ATel #644; Jeroen Homan (MIT), Albert Kong (MIT), John Tomsick (UCSD), Jon Miller (U. Mich), Sergio Campana (INAF/OAB), Rudy Wijnands (U. Amsterdam), Tomaso Belloni (INAF/OAB), Walter Lewin (MIT)
on 27 Oct 2005; 22:45 UT
Credential Certification: Jeroen Homan (jeroen@space.mit.edu)

Subjects: X-ray, Binary, Black Hole, Transient

Following its transition to the hard state (ATels #607,#612), we have continued our daily RXTE/PCA observations of the black hole X-ray transient GRO J1655-40 (see http://tahti.mit.edu/opensource/1655 ). Between September 23, when the source reached the hard state, and October 10, the RXTE/PCA count rate decreased exponentially, with an e-folding time of ~7 days. After October 10 the decrease started to slow down and data from the last few days suggest that the count rate may have reached a constant level. We suspect that, given the small distance of GRO J1655-40 to the Galactic plane, this departure from an exponential decay is likely the result of contamination by the diffuse emission from the Galactic ridge. Such contamination could possibly also explain the softening of the spectrum (as observed with RXTE/PCA) to power-law indices much higher than usually seen in the hard state of black hole X-ray binaries.
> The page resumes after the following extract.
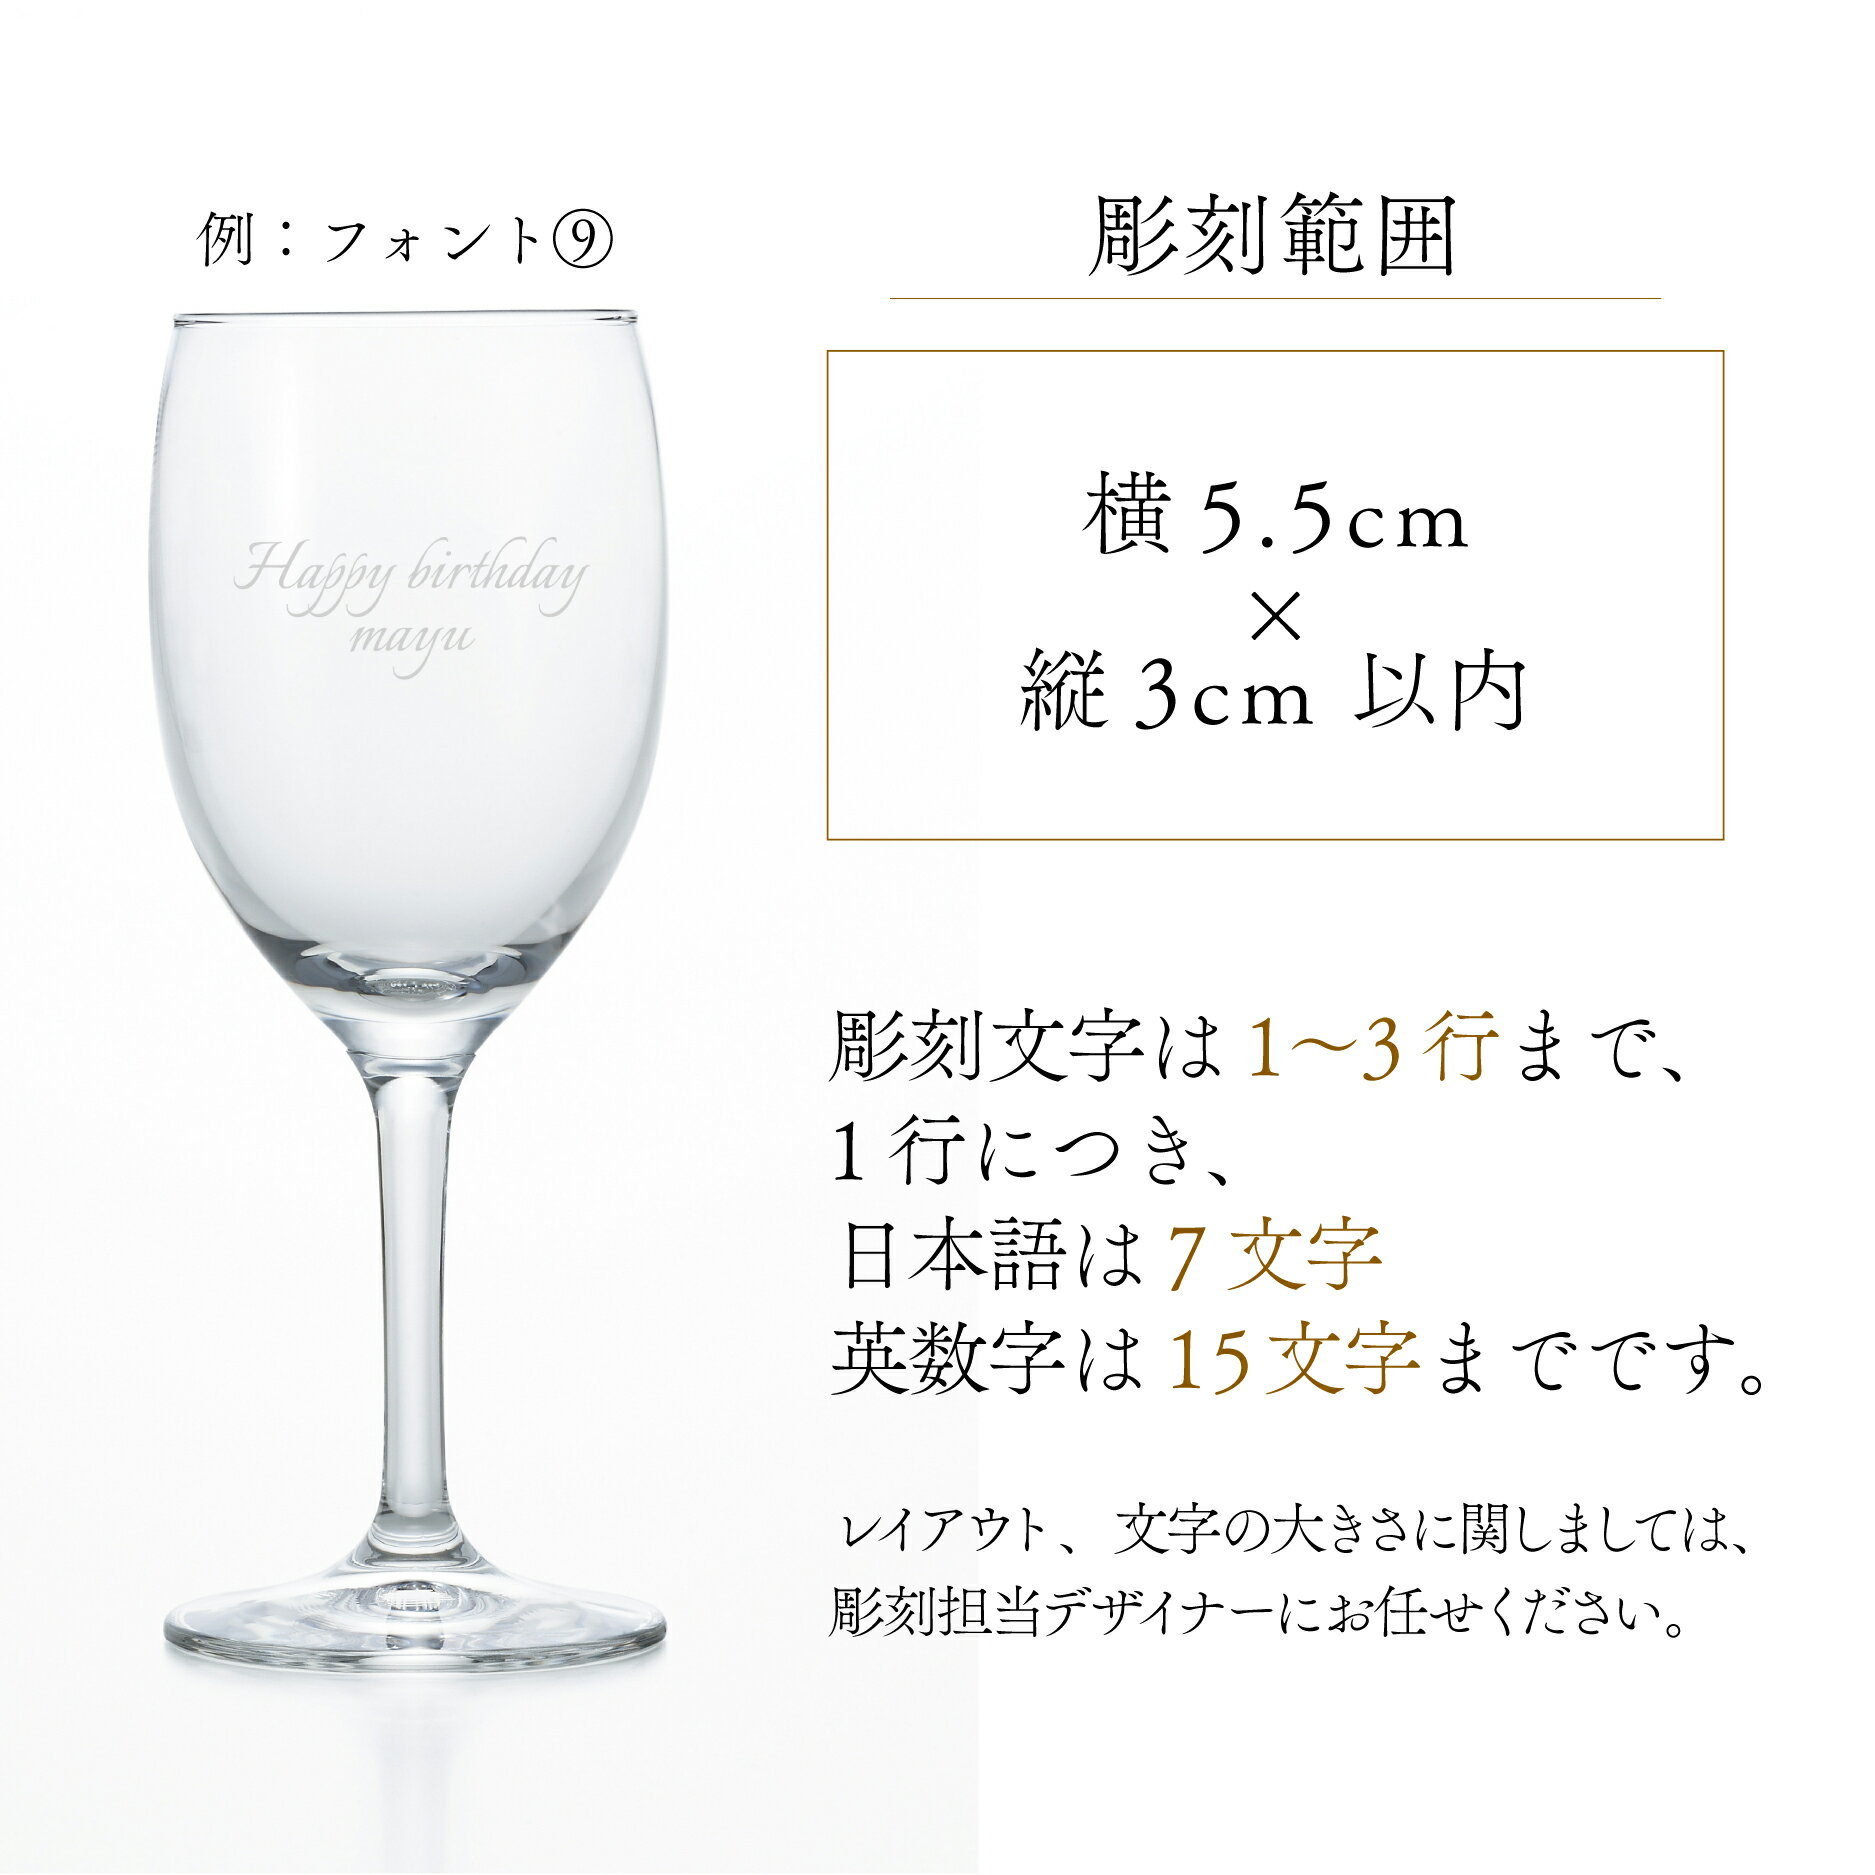 名入れ ワイングラス 敬老の日 180ml ワイン シャンパン 誕生日プレゼント グラス 記念品

With the aim to investigate this possible contamination, we observed GRO J1655-40 with Swift/XRT in 'Photon Counting' mode on October 22 (once) and 24 (twice), for 4.2 ks, 5 ks, and 7.6 ks, respectively. We extracted spectra for all three observations and fitted them simultaneously. The spectra are well fitted by a single power law (reduced Chi^2 = 0.9, for 69 dof). We find an average Nh of 1.3(2)e21 atoms/cm^2 and an average power-law index of 1.60+/-0.16. This index is similar to what was measured with RXTE/PCA at the start of the hard state. The unabsorbed 0.5-10 keV fluxes for the three Swift/XRT observations were:

Oct 22 00:27 UT : 8.4 +/- 1.1 x 10^-12 erg/cm^2/s
Oct 24 04:59 UT : 7.2 +/- 0.8 x 10^-12 erg/cm^2/s
Oct 24 21:01 UT : 5.8 +/- 0.6 x 10^-12 erg/cm^2/s

RXTE/PCA spectra from the same period (Oct. 22-24) cannot be fitted well with a single power law spectrum. With the Nh fixed to the value obtained from the Swift/XRT spectra we obtain a best fit (reduced Chi^2 = 2.0) with a power-law index of 2.4, which resulted in complex residuals below 5 keV. Moreover, the unabsorbed 0.5-10 keV flux from this fit is 6.2(6) x 10^-11 erg/cm^2/s, almost an order of magnitude higher than measured with Swift/XRT. We therefore conclude that the RXTE/PCA spectrum is dominated by emission other than that of GRO J16550-40, with the Galactic ridge being the obvious candidate. This effectively ends our RXTE/PCA monitoring campaign of the outburst of GRO J1655-40. Correcting the RXTE/PCA light curves for the additional background component, we find that the exponential decay (as observed between Sep 23 and Oct 10) continues well beyond Oct 10. The current Swift/XRT flux is still well above the quiescent flux of 2.6 x 10^-14 erg/cm^2/s as seen with Chandra (Kong et al. 2002, ApJ, 570, 277).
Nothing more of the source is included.